Shrimps are a typical delicacy, and perhaps not a lot of people consider them pets to keep in a tank.
While Guppies are reasonably well known for their distinct personalities and appearance, Shrimps are just as easy to care for.
They can quickly adapt because of their habitual scavenging patterns and consumption of algae growth.
Just like Guppies, Shrimps are also found in a wide variety of hues, which can produce diversity in an aquatic ecosystem.
But can Shrimp live with Guppies? You will find many successful attempts at providing a typical habitat for these two species.
However, if you want to know more about their nature and how much compatibility they hold, you must read on.
Shrimps are aquatic creatures but not fishes, and they come under the family tree of Decapoda and are a far cousin of lobsters and crabs.
Their history is unique and dates back to thousands of centuries ago, having adapted to various conditions, whether the deepest seas and oceans or shallow rivers and streams.
They have a tough exoskeleton and walk on ten legs.
The most common type of Shrimp is the Neocaridina davidi, otherwise known as cherry Shrimp; however, there is a large variety of them in the waters.
A few other types are the Ghost Shrimp, Crystal Red Shrimp, and the Amano Shrimp.
A tank of 5 or 10 gallons can be home to a handful of shrimps, with its water levels reaching a temperature of 72-78°F and pH of 6.
5 – 7.
You need not put plants; just sand and a sponge serving as a filter will be sufficient.
The vibrantly hued Guppies, also scientifically referred to as Poecilia reticulata, are tropical fishes that are reputed for their lively personalities and are relatively easy to look after.
Compared to their female counterparts, male Guppies have sexual dimorphism with the presentation of vividly hued fins and a brighter appearance.
They are around the same size as Ghost Guppies, which is 1.
5 – 2.
5 inches, and they can be housed in a 10-gallon tank.
The water temperature and pH levels they thrive in are very similar to that of Shrimps, with the capacity to handle water hardness of 10 dGh.
As much as people love to assume these small fishes can survive in a small space like a bowl, they require a proper tank equipped with heating and filter systems.
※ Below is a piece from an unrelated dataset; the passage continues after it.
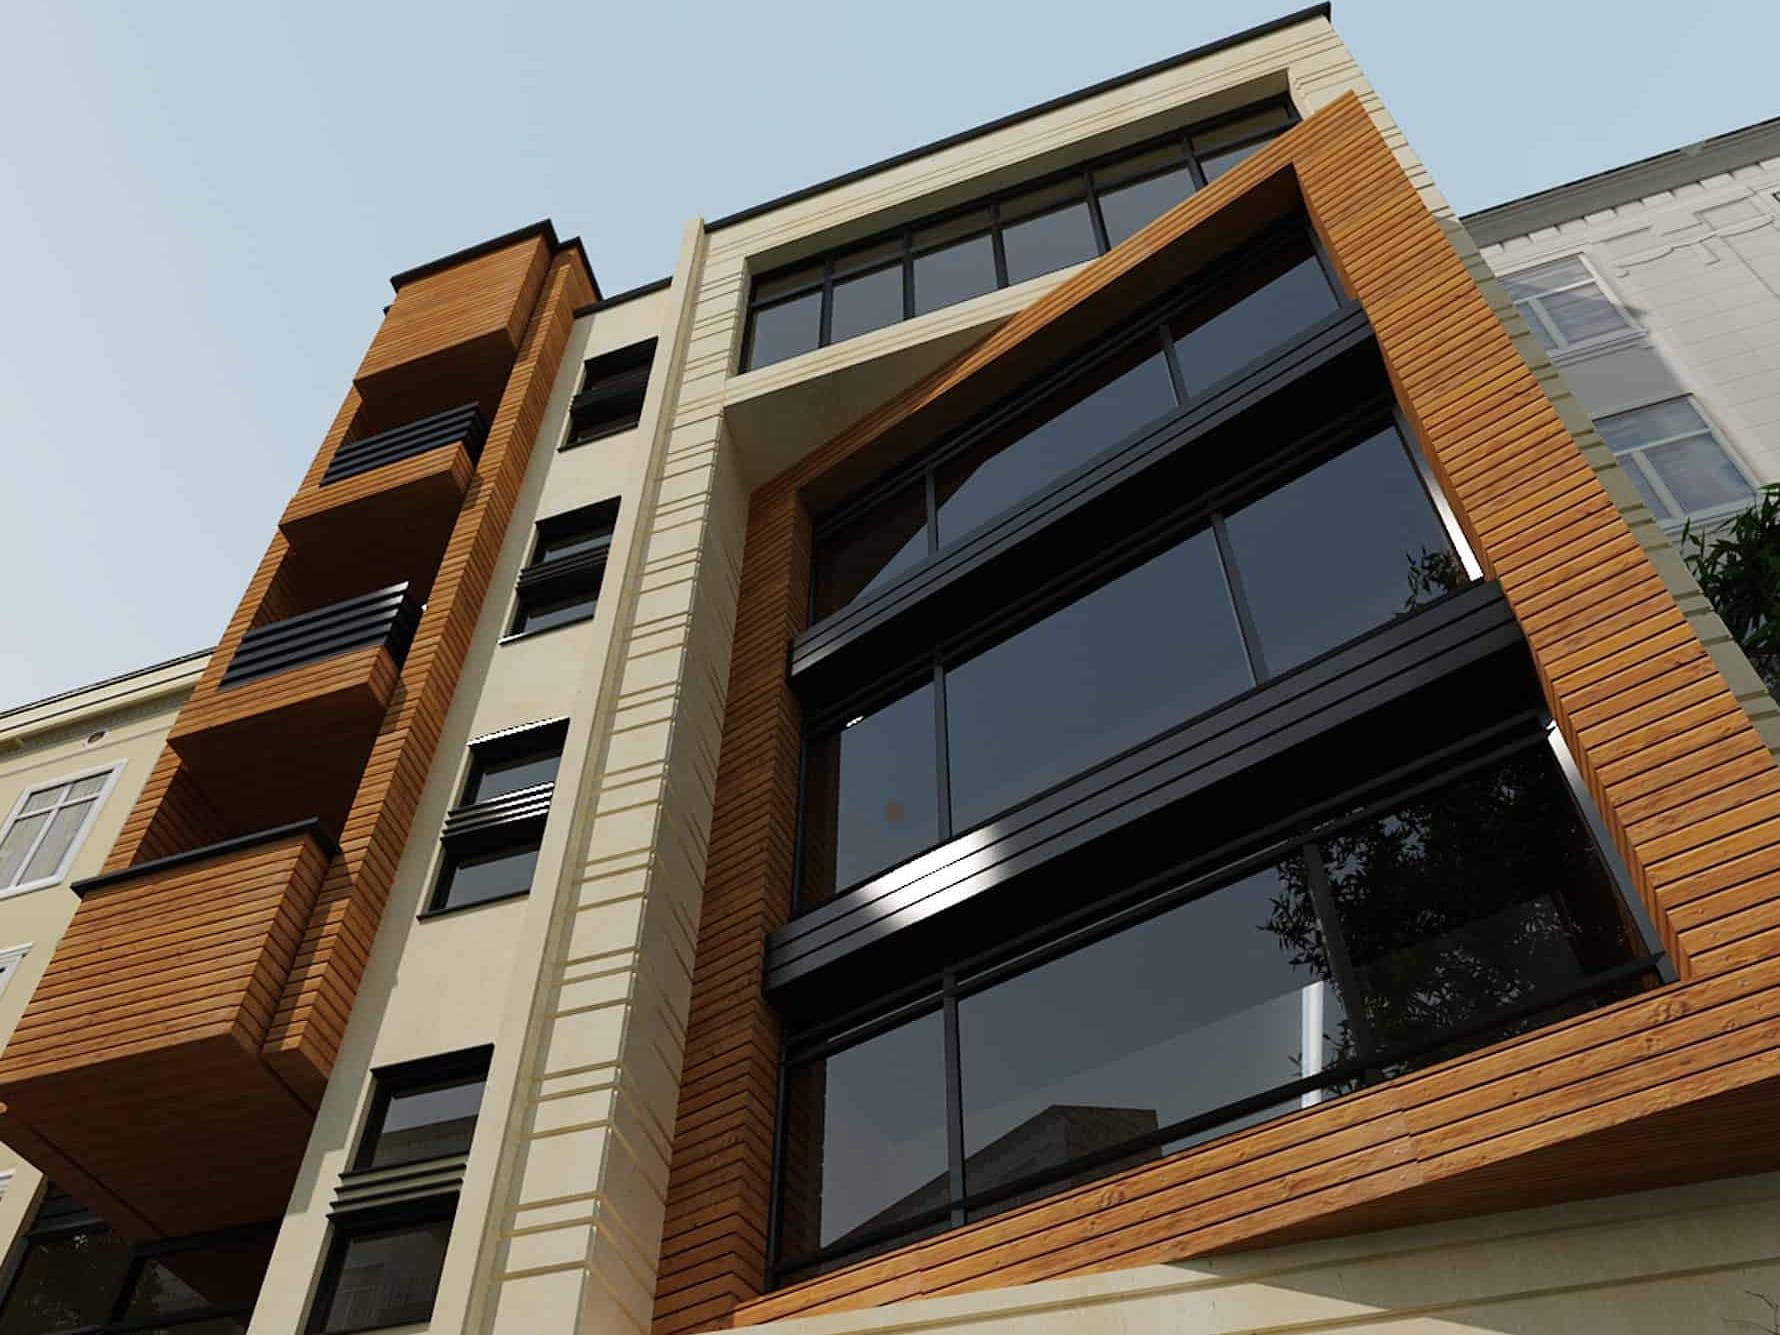 پروژه معماری و طراحی مدرن مجتمع مسکونی باران

They do not specifically eat flakes; they are omnivores that can have a range of foods added to their diets.
Not all Guppies have the popular orange-tinted coat, but there is a plethora of hues that Guppies come in.
Can Shrimp Live with Guppies
If you are wondering whether Shrimps and Guppies will get along in a tank, it depends on what type of shrimp you choose.
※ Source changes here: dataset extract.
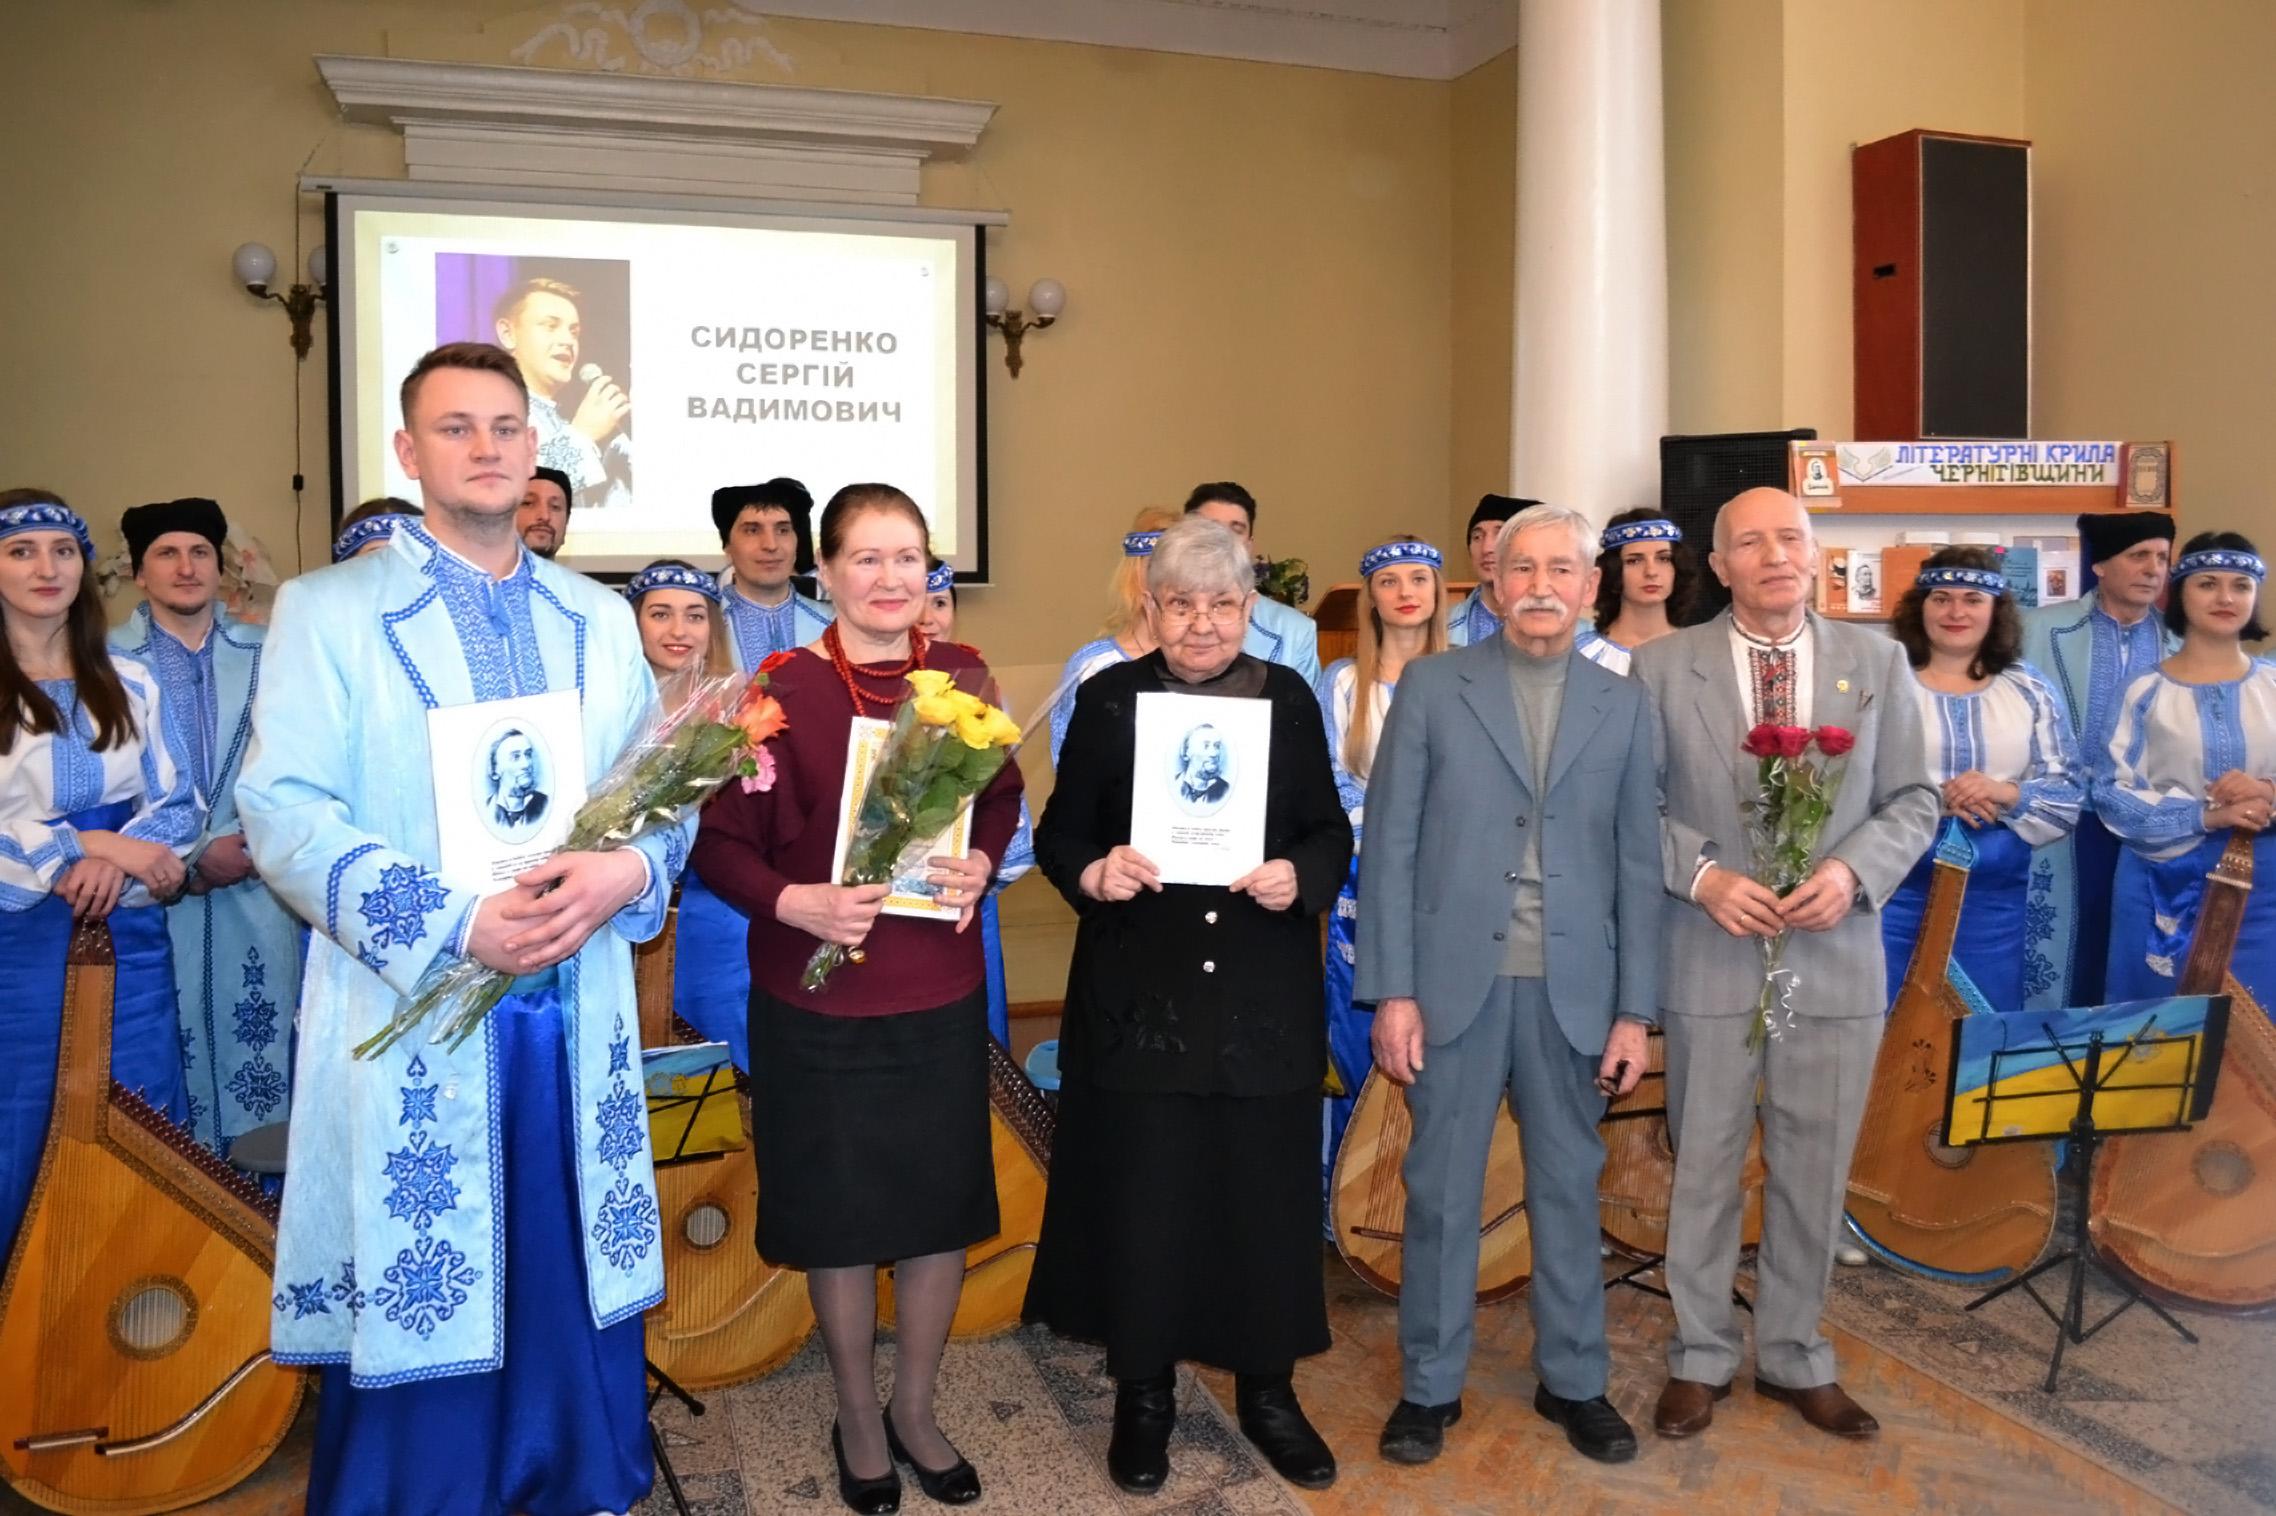 У бібліотеці Короленка вручили премії імені Леоніда Глібова лауреатам 2019 року (Фото)

Cherries and Amanos are preferably a better choice due to their capacity to withstand the tropical climate that Guppies love.
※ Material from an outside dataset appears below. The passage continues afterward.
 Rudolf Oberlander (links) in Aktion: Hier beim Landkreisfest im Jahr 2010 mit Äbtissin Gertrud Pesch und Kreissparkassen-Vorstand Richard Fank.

Although Guppies are small, they are still omnivorous, so keeping an abundance of plants can help Shrimps hide away in case of aggression.
The Guppy is known for its opportunistic behavior, and because they are usually fed flakes for their diet, they might mistake young Shrimps for food and cause a decline in the Shrimp colony population.
The males are quite different from their calmer female counterparts, as they can stress out other species in the tank when they exhibit signs of territory aggressiveness.
While Guppies swim around the mid-tank, Shrimps stay close to the bottom.
While this may seem reasonable, it does not mean Shrimps are far from being preyed upon.
Aquarists devise plans to keep them in larger tanks with a significant amount of planting.
This helps the smaller species stay clear of predation.
If you choose to keep Shrimps like the Amano, it will be favorable since it has a more rigid shell than others, which can help it survive.
Even so, observations are a must because you can check for any stressful situations that might arise.
If there is any problem, it is best to go for plan B and separate them into two different tanks.
Guppies and their versatility and adaptability make them the obvious choice for aquarists who are inexperienced.
They require either living or fake plants to act as hiding areas and a smooth filter to maintain the oxygen in the tank.
However, when put together with Shrimps, they become the predators.
Shrimps have differing shades and sizes, and aquarists have to care for them in a different style as well.
These creatures are generally harmless and quite calm temperated; however, this allows other species to see them as easy food, especially for the omnivorous creature Guppy.
They are known to be calm-natured, but when paired together, they might exhibit signs of stress or aggression, and this will disrupt the natural habitat of the tank.
Both of these creatures are the scavenging type, so competing for food will not be new.
It is crucial to provide adequate sources of food for both.
Despite these setbacks, Shrimps are very good roommates because they habitually consume algae and other unbeaten food.
This leads to a cleaner tank, which will be an excellent advantage for the aquarium’s ecosystem.
Together, they are colorful creatures that can make a tank look very pleasing and appeal to visitors with their diversity.
Paying attention to their behavior around each other will be a good first step when introducing these two creatures.
Allow the space to be filled with cover spots to create higher chances of survival and a better sense of security.
On an average day, Shrimps are usually ignored by Guppies if they stay hidden in their plant cover.
Hence, providing adequate living plants will promote healthy growth and a better ecosystem.
It is always good to be cautious before you start your venture as an aquarist, so always have backup plans and make sure you observe their behavior now and then to examine cases of harassment.